Can a Testamentary Trust be changed after the death of the Testator should it be necessary to do so?
Trusts are estate-planning tools that can replace or supplement Wills; they also help to manage property during life. In simple terms, to set up a Trust, one-person transfers property to a second person to be held for the benefit of the third. The person who transfers the property is called the “Grantor” or the “Settlor”. The recipient of the property is called the “Trustee”; and they are the persons/entities who take legal title of the transferred property. A Trustee may also be a beneficiary – provided they are not the only beneficiary.
A Testamentary Trust or Trust Mortis Causa is thus a Trust which is established in a Will and comes into effect upon the death of the Testator (founder) of the Will.  Instead of your assets passing directly to your beneficiaries, they pass into a Trust. Because a Trust allows the Grantor to specify conditions for receipt of benefits, as well as to spread payment of benefits over a period of time instead of making a single gift, many people prefer to include a Trust in their Wills to reinforce their preferences and goals after death.
Such Trusts are typically used to protect the interests of minors or dependants who are unable to take care of themselves. Some or all of the assets in the estate are moved to the Trust on the death of the Testator.  The Trust is then administered by Trustees on behalf of the beneficiaries, who are more often than not the Minor Children or other dependants of the deceased.   The appointed Trustees administer the Trust in terms of the Will until the Trust terminates, usually after a predetermined period or at a determined event, such as a Minor turning 18, or the death of an income beneficiary. If for any reason the Will is invalid, the Trust won’t come into effect.
As a rule of thumb the terms of a Testamentary Trust cannot be amended after death. The Trust Property Control Act 57 of 1988 (“the Act”) does however grant our Courts the power to amend a Trust Deed; where, for example, a provision brings about consequences which in the opinion of the Court, the founder of a Trust did not contemplate or foresee. This hampers the achievement of the intention of the founder and prejudices the interest of the beneficiaries or, becomes in conflict with the public interest.

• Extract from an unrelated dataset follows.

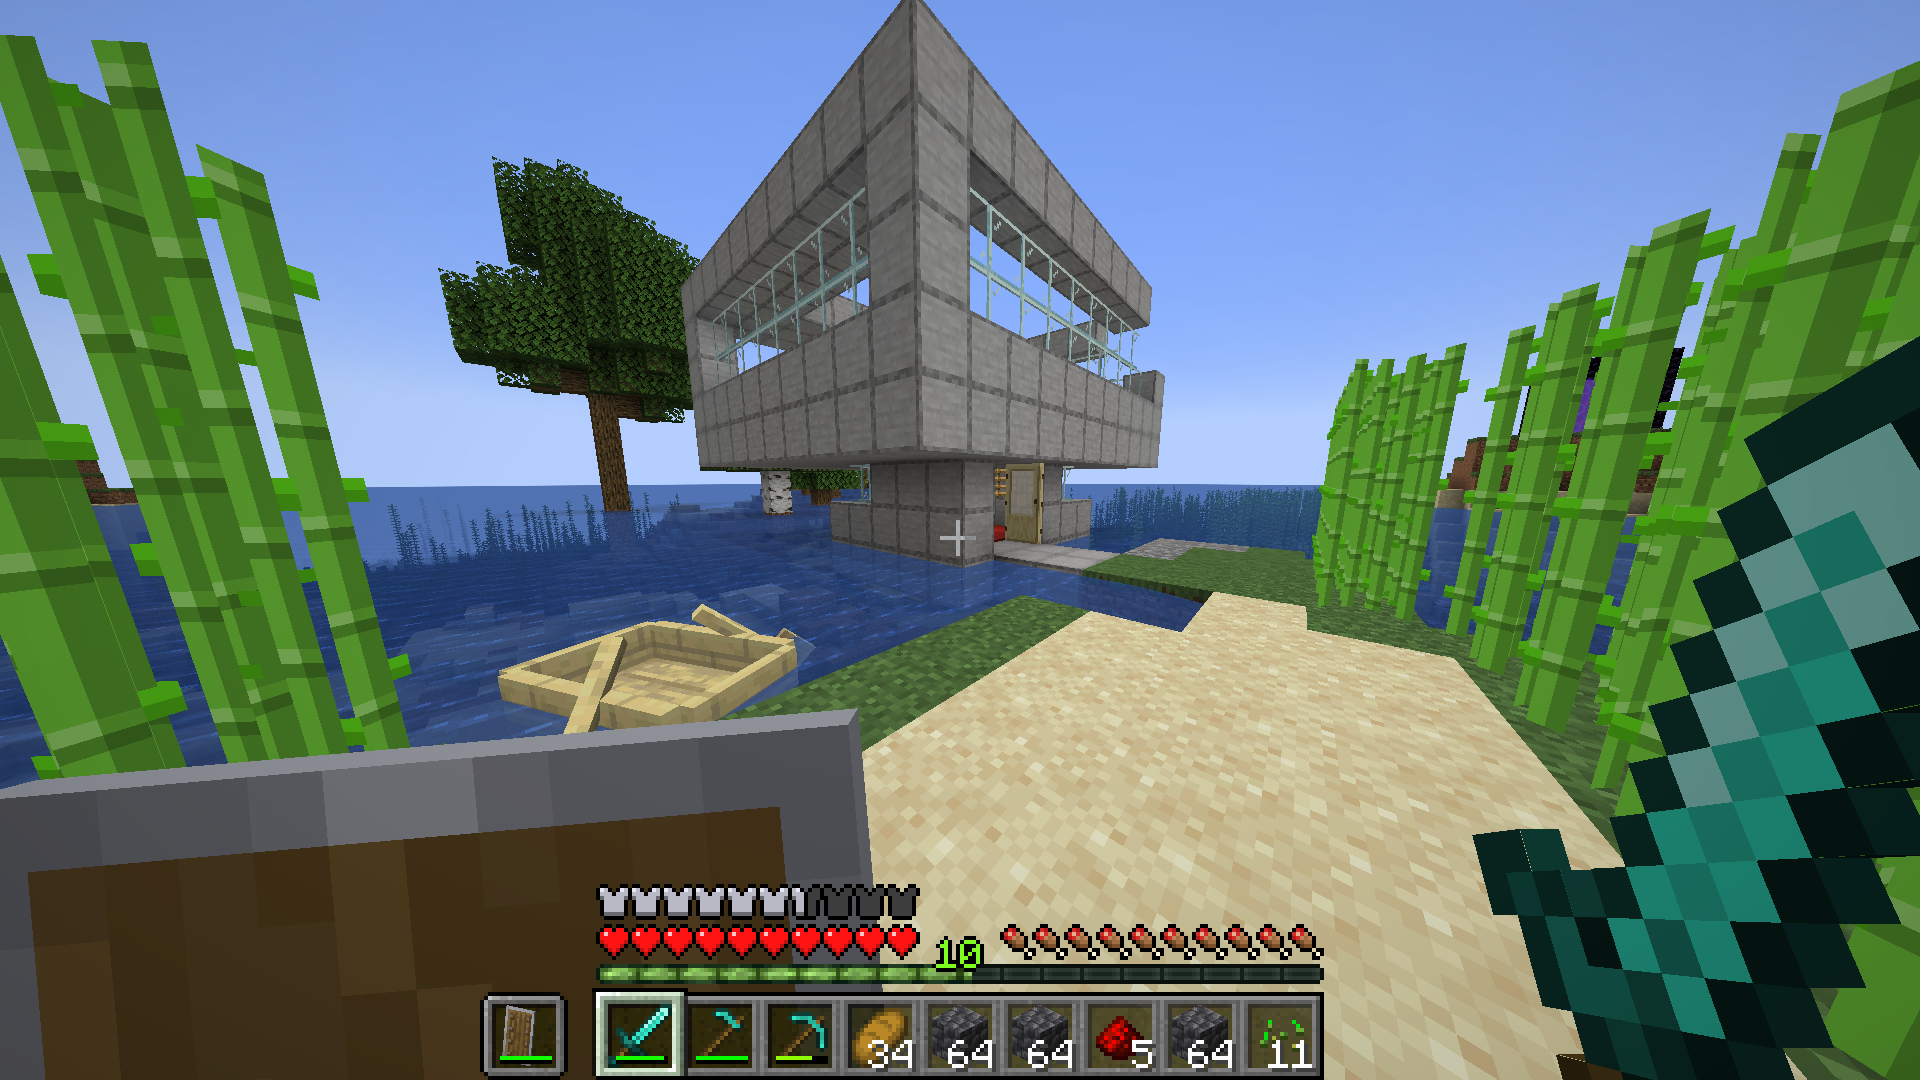 A seaside home-in-progress in Minecraft.
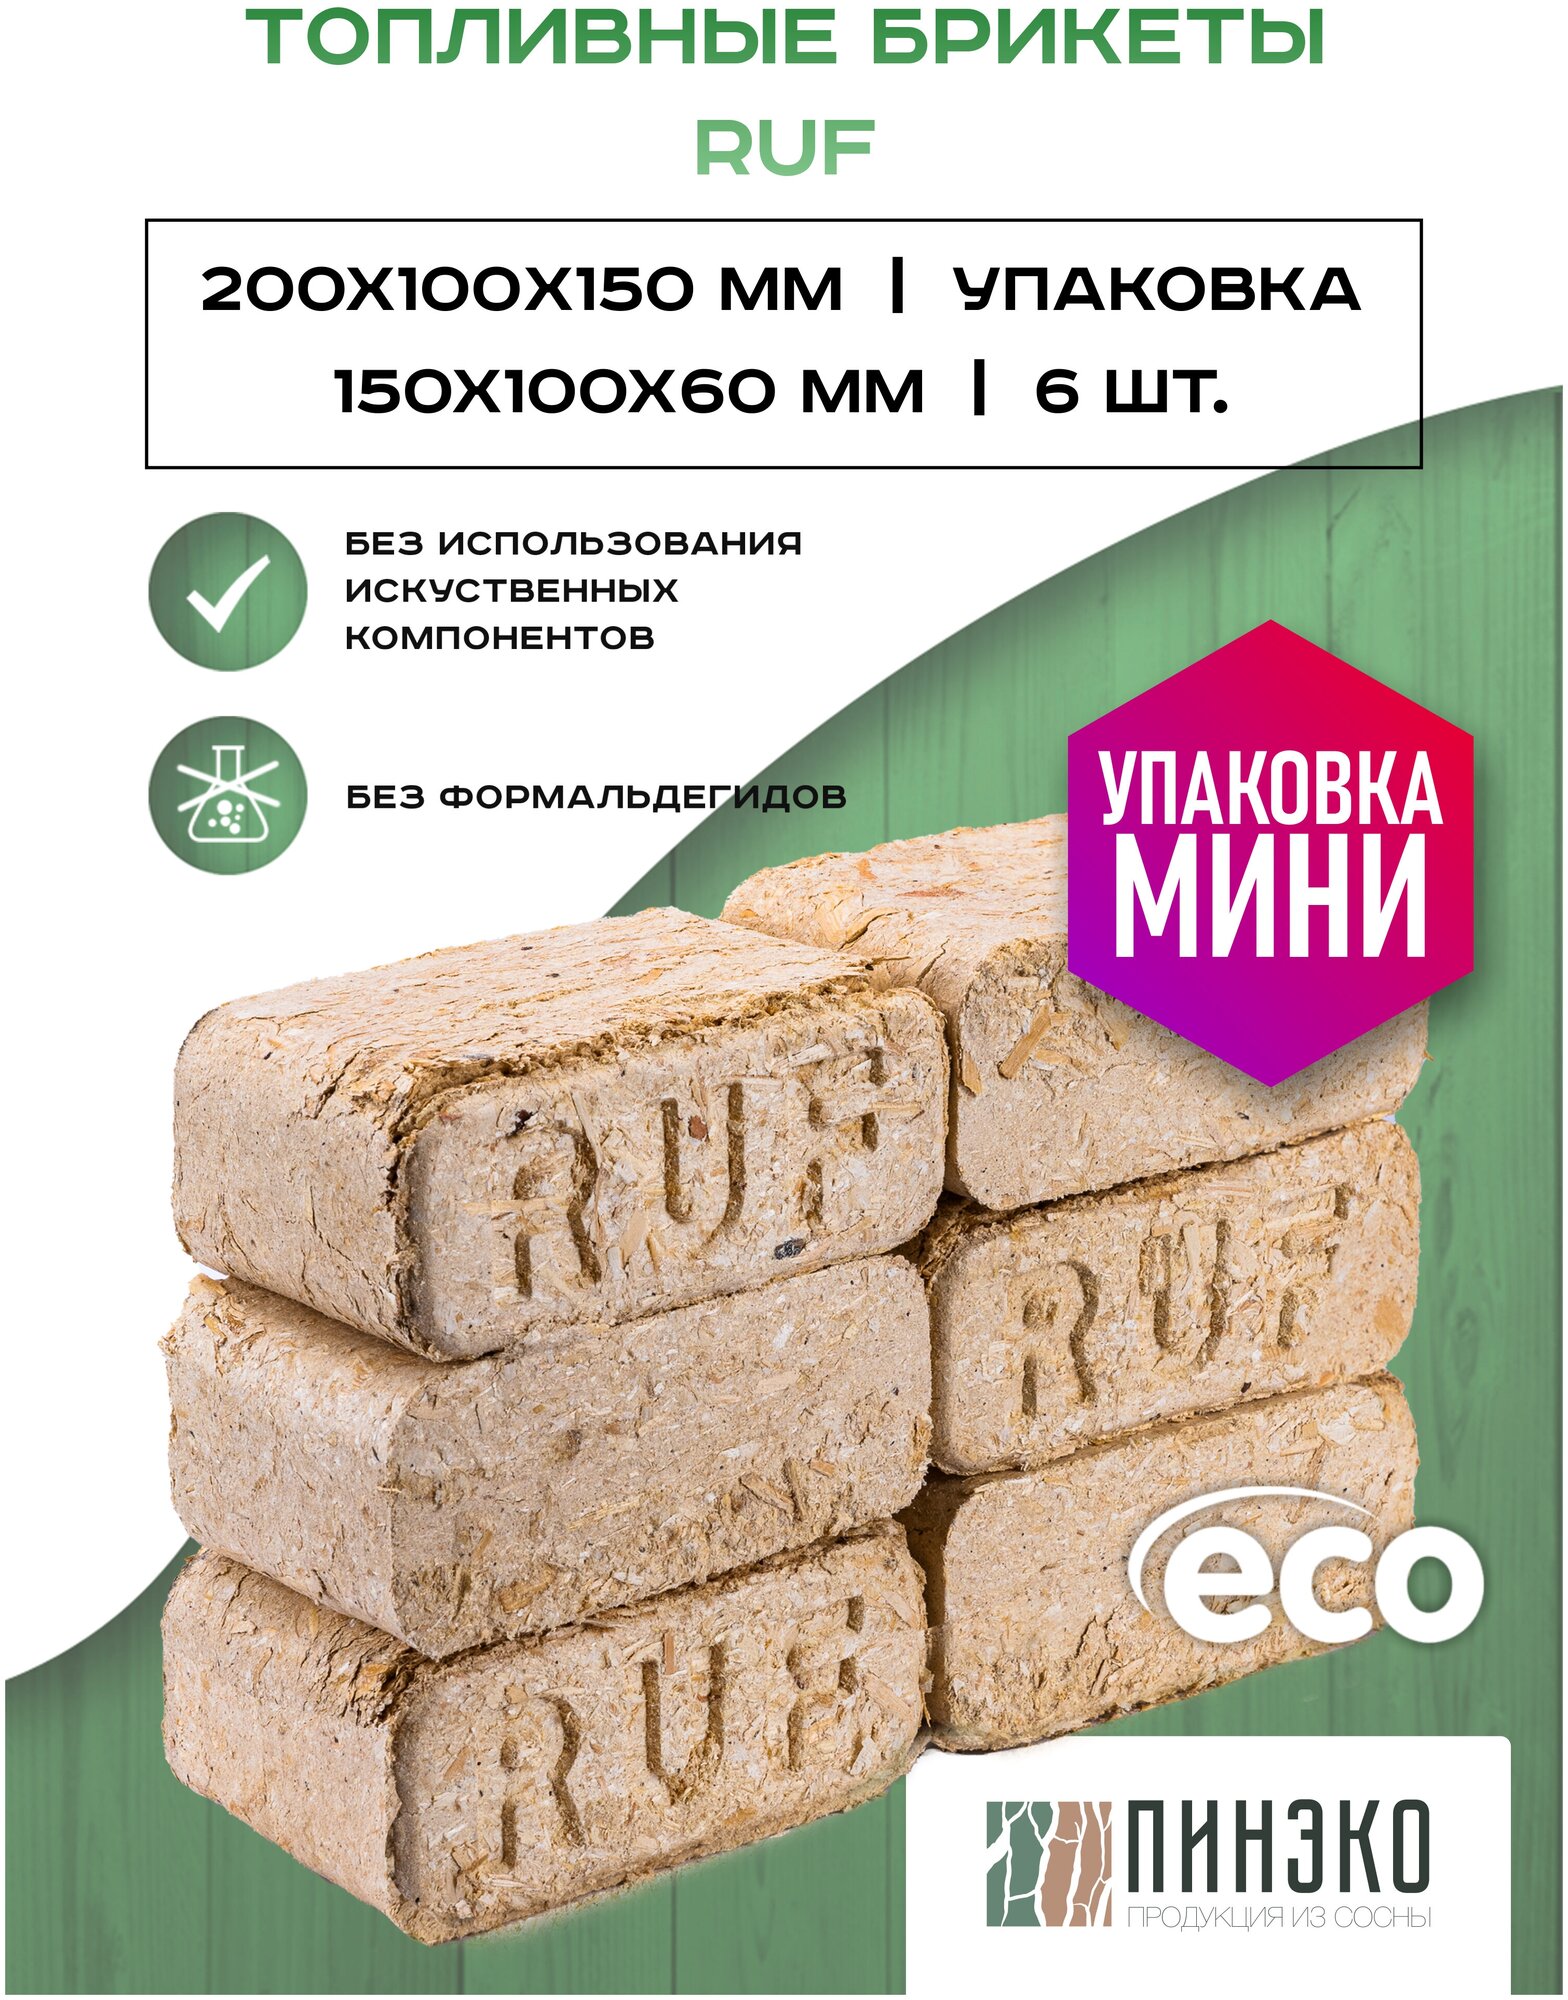 Мини упаковка Евродров / Топливные брикеты из сосны RUF люкс мини 6 ШТ / Сухие опилки дрова для длительного горения

An example of this power was recently decided by the Court in Hanekom v Voigt 2016 1 SA 416 (WCC), where they found that a variation of the provisions of a Testamentary Trust (brought about by agreement between the Trustee and the beneficiaries) was valid. Despite the fact that a Trust is of testamentary origin, it does not prevent the Trustees and beneficiaries from agreeing to an amendment. The Court further found that if the Testamentary Trust also confers upon a Trustee the power to decide when to terminate the Trust; it also implies that the Trustee has the power to amend the Trust Deed.
The provisions of the Act which requires a Trustee to, in exercising their powers, act with the care, diligence and skill which can reasonably be expected of a person who manages the affairs of another, still applies; and should a Trustee decide to amend the provisions of the Trust, the Trustee needs to exercise their authority in accordance with the Act.
It is therefore possible that your Trust provisions may be varied after your death.